Predicting Car Prices Using K Nearest Neighbors Algorithm¶

Introduction¶

In this project we'll practice the machine learning workflow using k-nearest neighbors algorithm to predict a car's market price using its attributes. The data set we will be working with contains information on various cars. For each car we have information about the technical aspects of the vehicle such as the motor's displacement, the weight of the car, the miles per gallon, how fast the car accelerates, and more. You can read more about the data set here.

Before we dive further into the project, let's take a closer look at the algorithm we will be using.
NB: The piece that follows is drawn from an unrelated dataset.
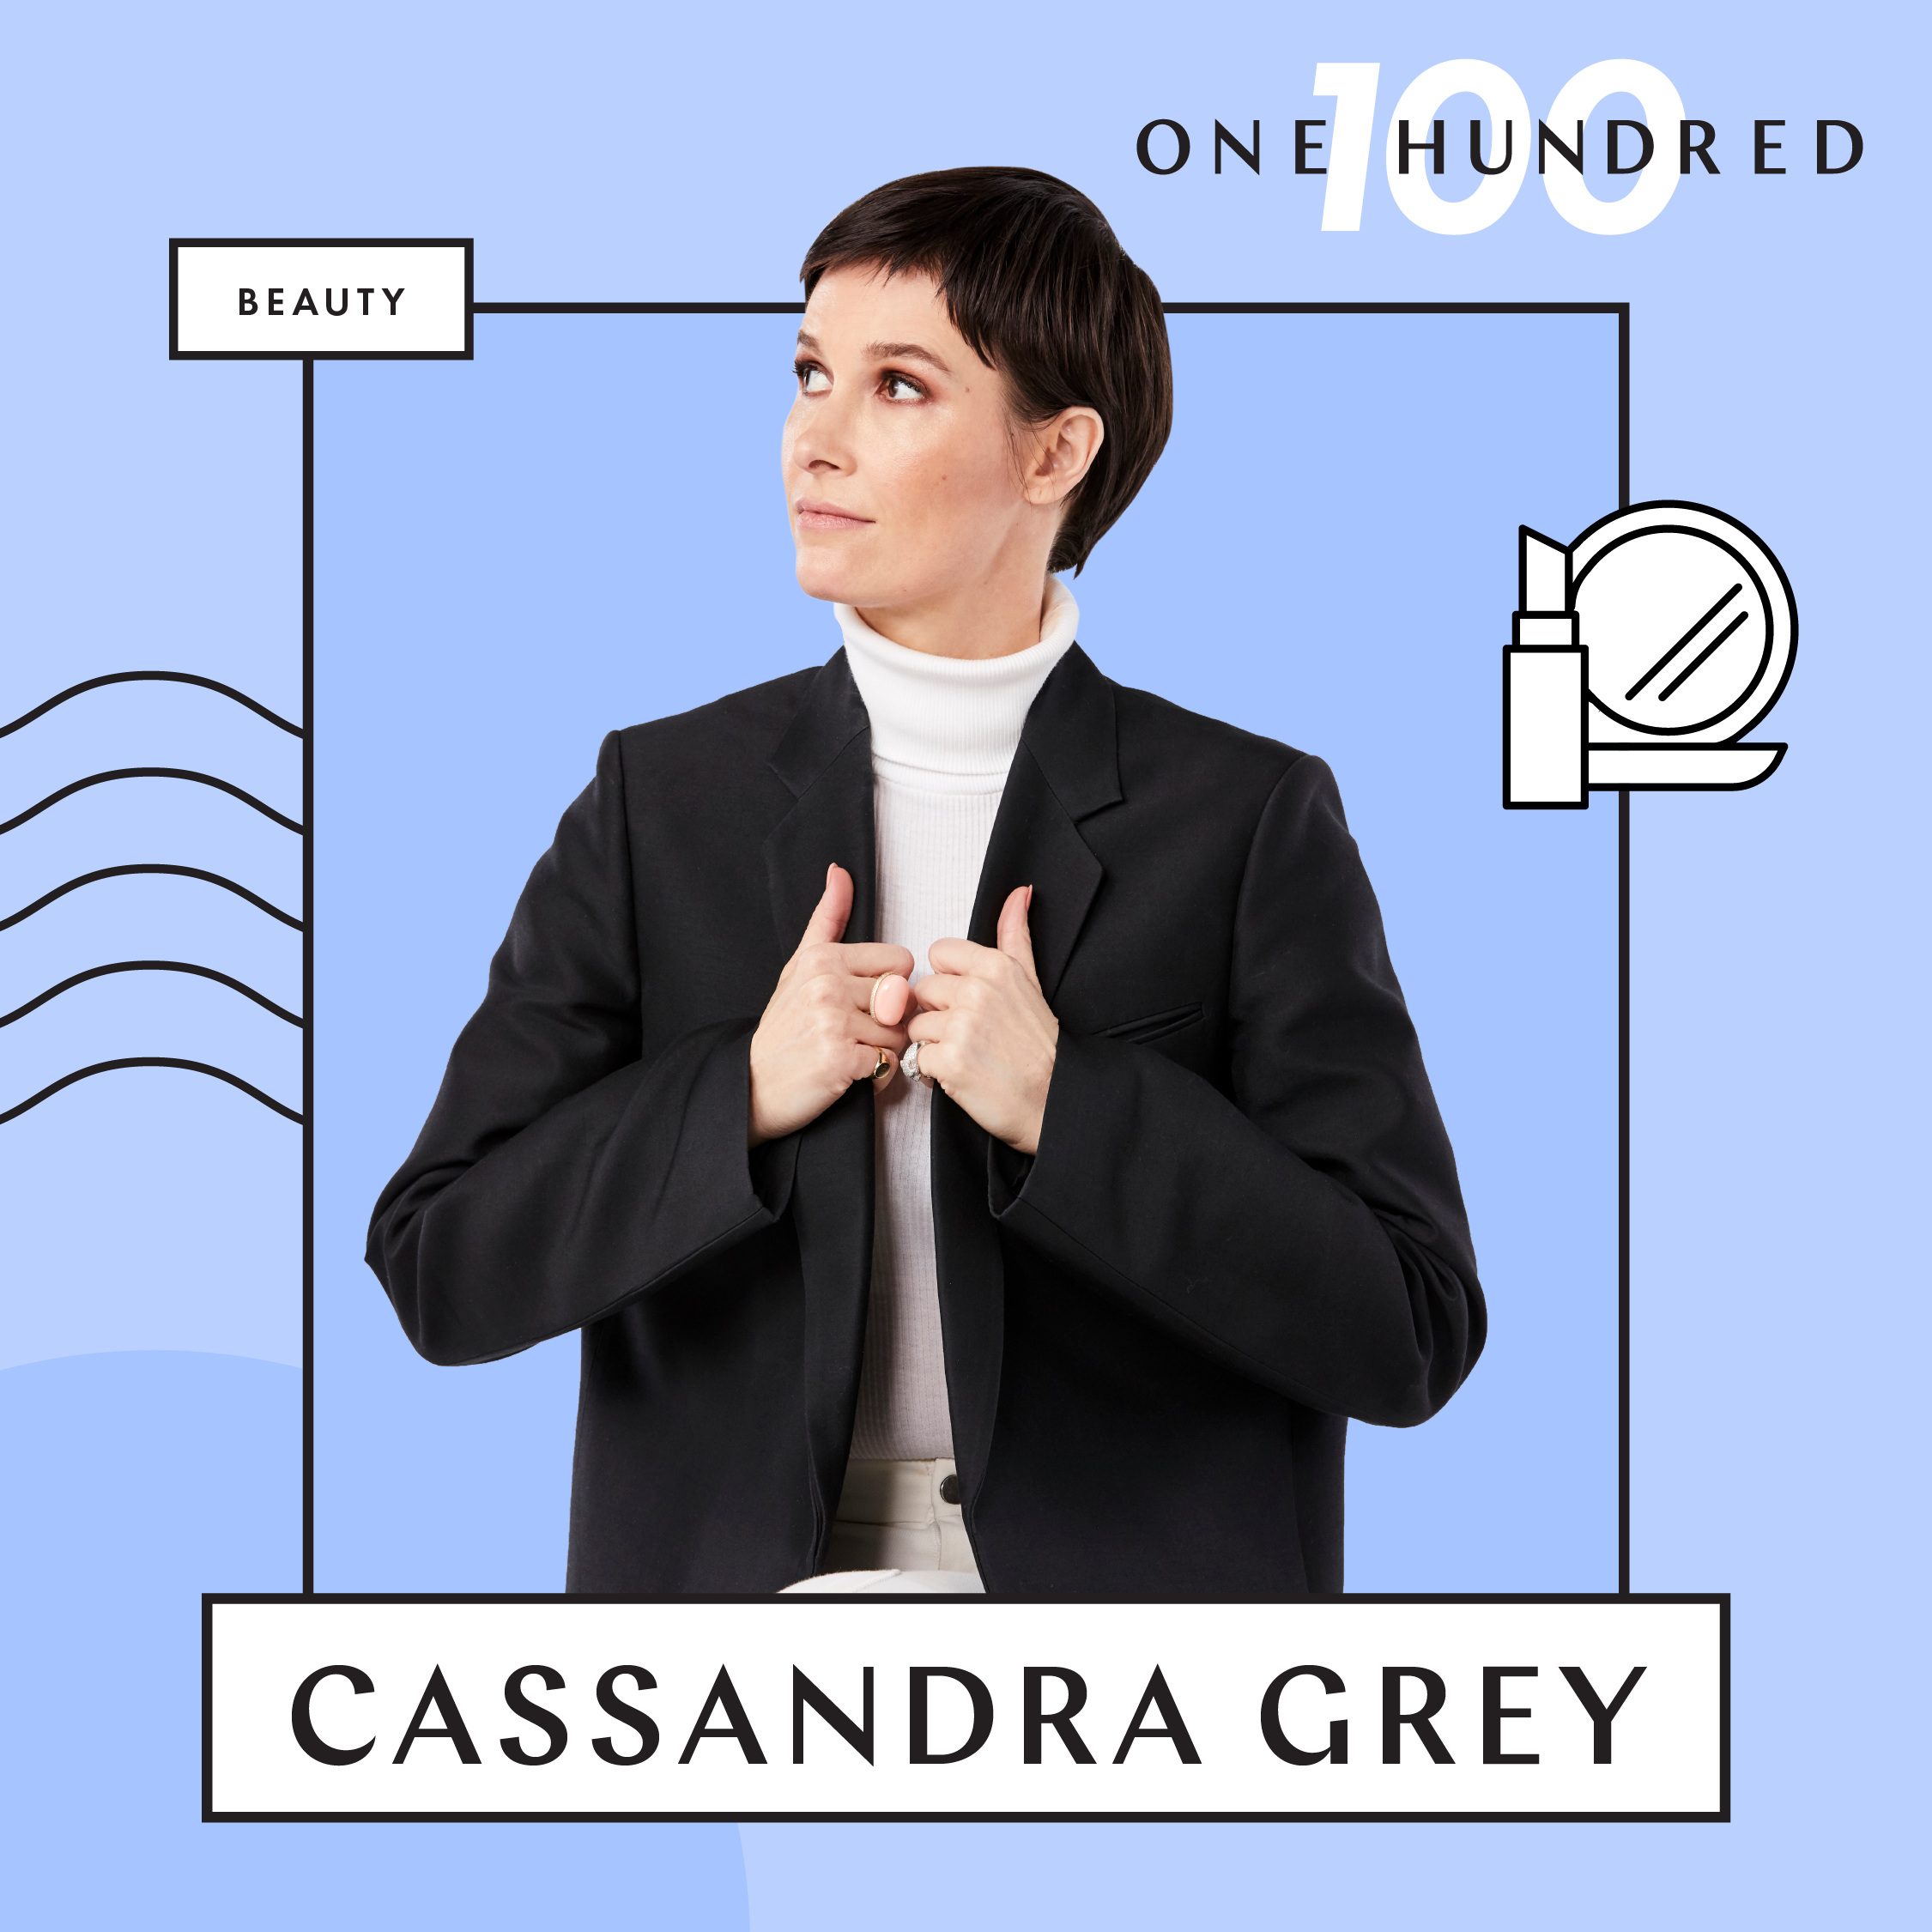 Cassandra-Grey-BLOG-ASSETS-CC100-02.png

The K-Nearest Neighbors (KNN) is a fundamental machine learning algorithm that can be used for classification and regression problems based on feature similarity.
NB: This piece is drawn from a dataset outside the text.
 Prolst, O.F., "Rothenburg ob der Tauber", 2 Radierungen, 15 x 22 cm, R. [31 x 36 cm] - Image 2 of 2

This algorithm is used to solve the classification model problems. K-nearest neighbor or K-NN algorithm basically creates an imaginary boundary to classify the data. When new data points come in, the algorithm will try to predict that to the nearest of the boundary line.

Therefore, larger k value means smother curves of separation resulting in less complex models. Whereas, smaller k value tends to overfit the data and resulting in complex models.
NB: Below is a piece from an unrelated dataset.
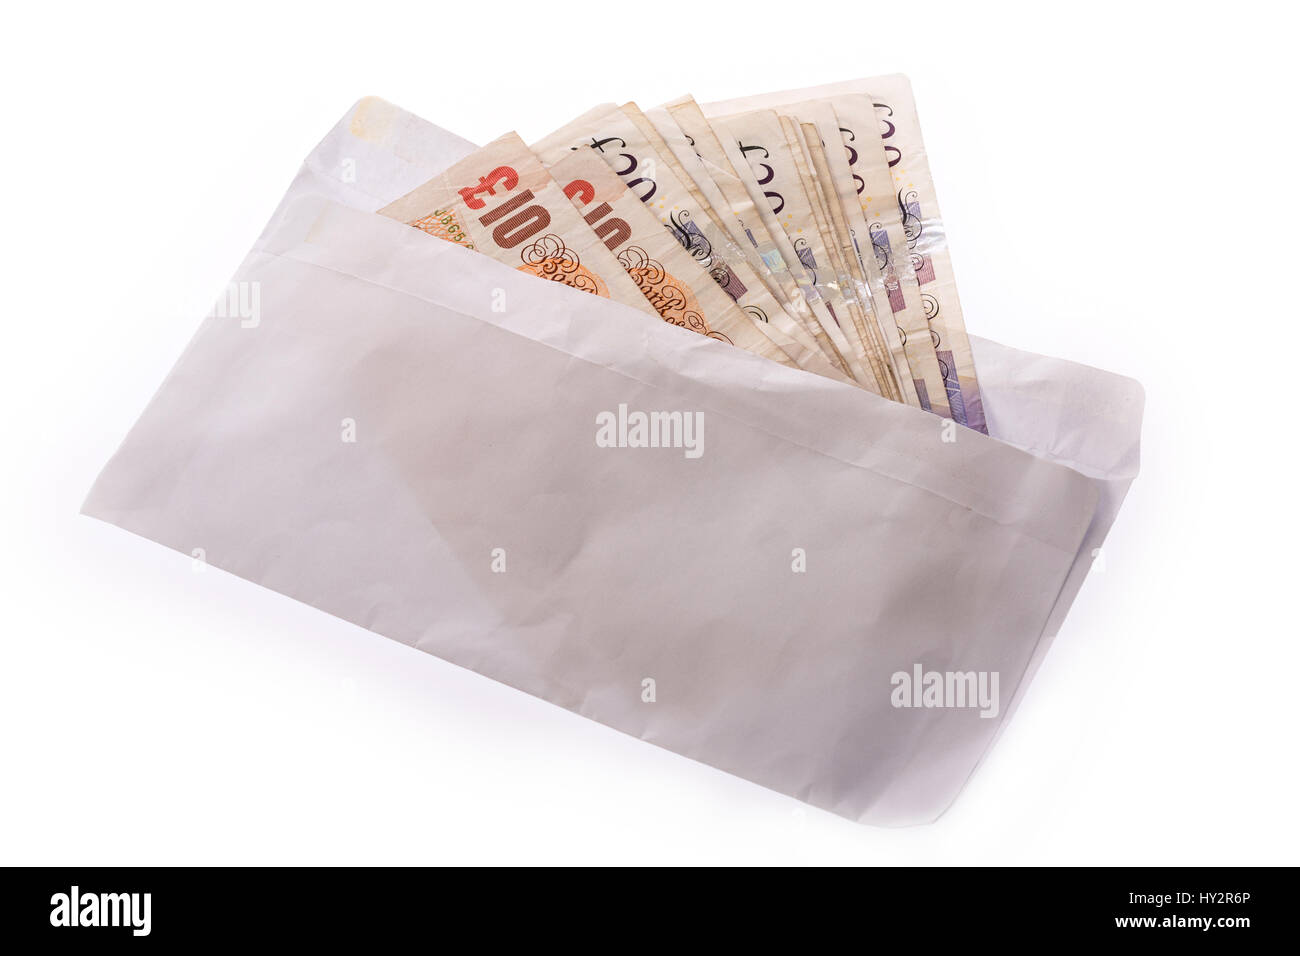 envelope of cash uk pound notes Stock Photo

Introduction to the data set¶

In [51]:

# Import Relevant Libraries
import numpy as np
import pandas as pd
cars = pd.read_csv("imports-85.data")
cars.head()

Out[51]:

	3	?	alfa-romero	gas	std	two	convertible	rwd	front	88.60	...	130	mpfi	3.47	2.68	9.00	111	5000	21	27	13495
0	3	?	alfa-romero	gas	std	two	convertible	rwd	front	88.6	...	130	mpfi	3.47	2.68	9.0	111	5000	21	27	16500
1	1	?	alfa-romero	gas	std	two	hatchback	rwd	front	94.5	...	152	mpfi	2.68	3.47	9.0	154	5000	19	26	16500
2	2	164	audi	gas	std	four	sedan	fwd	front	99.8	...	109	mpfi	3.19	3.40	10.0	102	5500	24	30	13950
3	2	164	audi	gas	std	four	sedan	4wd	front	99.4	...	136	mpfi	3.19	3.40	8.0	115	5500	18	22	17450
4	2	?	audi	gas	std	two	sedan	fwd	front	99.8	...	136	mpfi	3.19	3.40	8.5	110	5500	19	25	15250

5 rows × 26 columns

After reading our dataset without specifying any additional parameter values, we notice that the column names don't match the ones in the dataset's documentation.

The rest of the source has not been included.